ローコード開発ツール「TALON」は様々なデータを柔軟に扱うことが出来ますが、今回はGoogleのデータを扱う方法を紹介します。基本的にGoogleサービスのデータをAPI経由で利用する場合はGoogle Cloud Platformを使ってAPIの接続設定を行います(最近は埋め込みクレデンシャル方式があり、より簡単に接続できます。当記事では両方を紹介します)。今回はGoogle Analyticsのデータを扱いますが基本的にGoogleのサービスであればどのサービスでもAPI提供されていれば設定方法は似た物になりますので参考にして頂ければと思います。

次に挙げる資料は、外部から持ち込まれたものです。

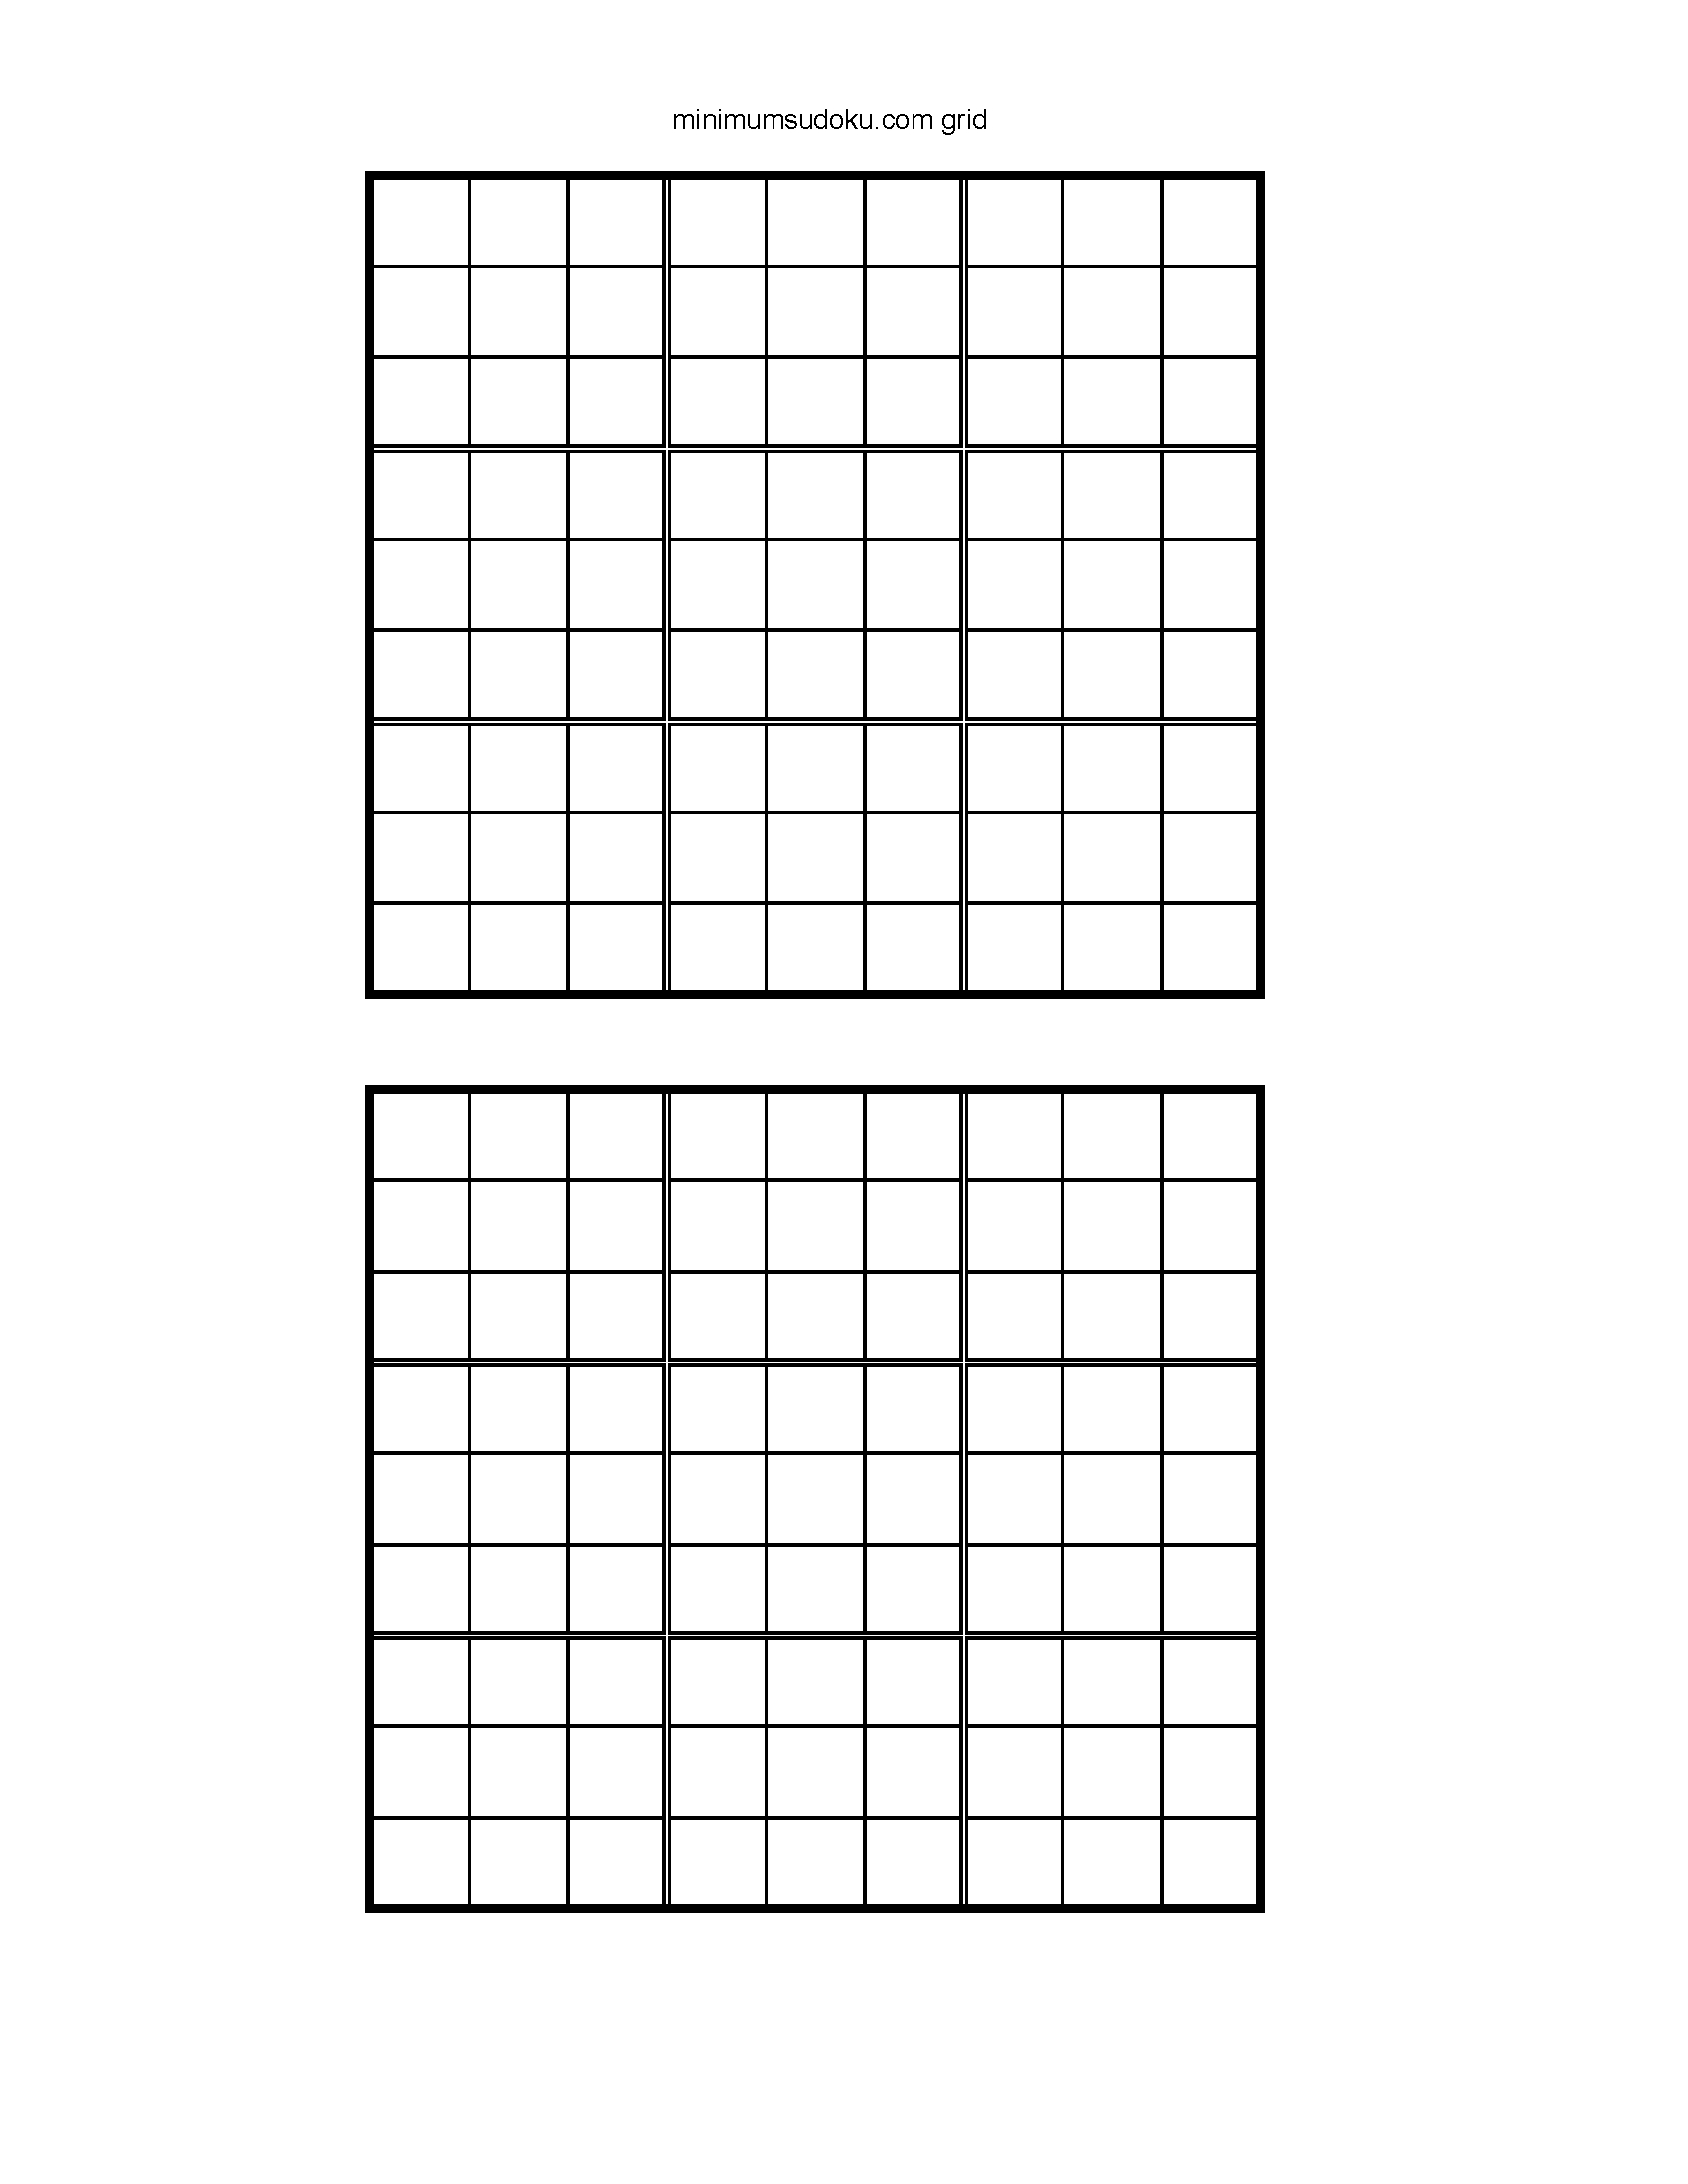 Blank Printable Sudoku Puzzle

TALONではRDB(PostgresやSQLServerなど)以外のデータを扱う場合はCData社の接続ドライバ(JDBC)を利用する事が可能です。これにより外部のAPIに対してプログラムを組み込んで接続するという手順を踏まずに設定だけで扱うことが出来ますので非常に楽に扱えます。現在は240種類以上の接続先に対応しています。

CData社のサイトにもTALONと接続した記事がありますので以下の記事も併せて参考にしてください。こちらはマイクロソフトのOffice365との接続記事です。こちらの記事ではOffice 365のスケジュールを参照するだけでなく、データの登録・更新・削除もTALONで実施する所までを解説しています。

Payara ServerからOffice 365に接続する方法

ローコード開発ツールTALONでOffice 365のスケジュール編集画面を作成する

事前準備(CDataドライバ入手)

接続用のCDataドライバをダウンロードして、接続するPCやサーバにセットアップをします。体験版として30日間無償で利用できますので是非試してみて下さい。JDBCドライバをダウンロードします。

https://www.cdata.com/jp/jdbc/

今回は上記サイトの中にある「Google Analytics JDBC Driver」をダウンロードしました。
ダウンロード後にセットアップを実施します。

事前準備(Google Cloud Platform)埋め込みクレデンシャル方式

OAuth2認証は通常ClientID,ClientSecretを生成し、その情報を使って認証を行っていたのですが、埋め込みクレデンシャルという方式により、非常に簡単に接続が出来るようになっています。
※埋め込みクレデンシャル方式で設定を行う場合は次章の事前準備(Google Cloud Platform)OAuthクライアントID生成の設定は不要になります。この段階での準備は特にありませんのでこのままその次の事前準備(CDataドライバの接続テスト)へお進みください。

埋め込みクレデンシャル方式についてはCData社の方が解説したページがありますのでそちらをご覧ください。

OAuth認証系DriverがClientID・ClientSecretを設定しなくても認証できるようになりました(埋め込みクレデンシャル)

事前準備(Google Cloud Platform)OAuthクライアントID生成方式

※当設定部分は埋め込みクレデンシャル方式で実施する場合は不要です。通常は埋め込みクレデンシャル方式の方がシンプルですので、細かい認証フローが必要な場合など以外はそちらをお試しください。

Google系のサービスにAPI経由で接続する場合、アプリベースで認証するには、GCPで設定を行う必要があります。様々な設定があり複雑なのですが、ここでは最低限、Google Analyticsに認証・接続出来て、データを取得出来る所までを解説します。

まず、Google Cloud Consoleにアクセスします。

https://console.cloud.google.com/

今回接続用のプロジェクトを作ります。画面上部にある「プロジェクトを選択」をクリックしてダイアログを開きます。以下の画面にあるボタンをクリックします。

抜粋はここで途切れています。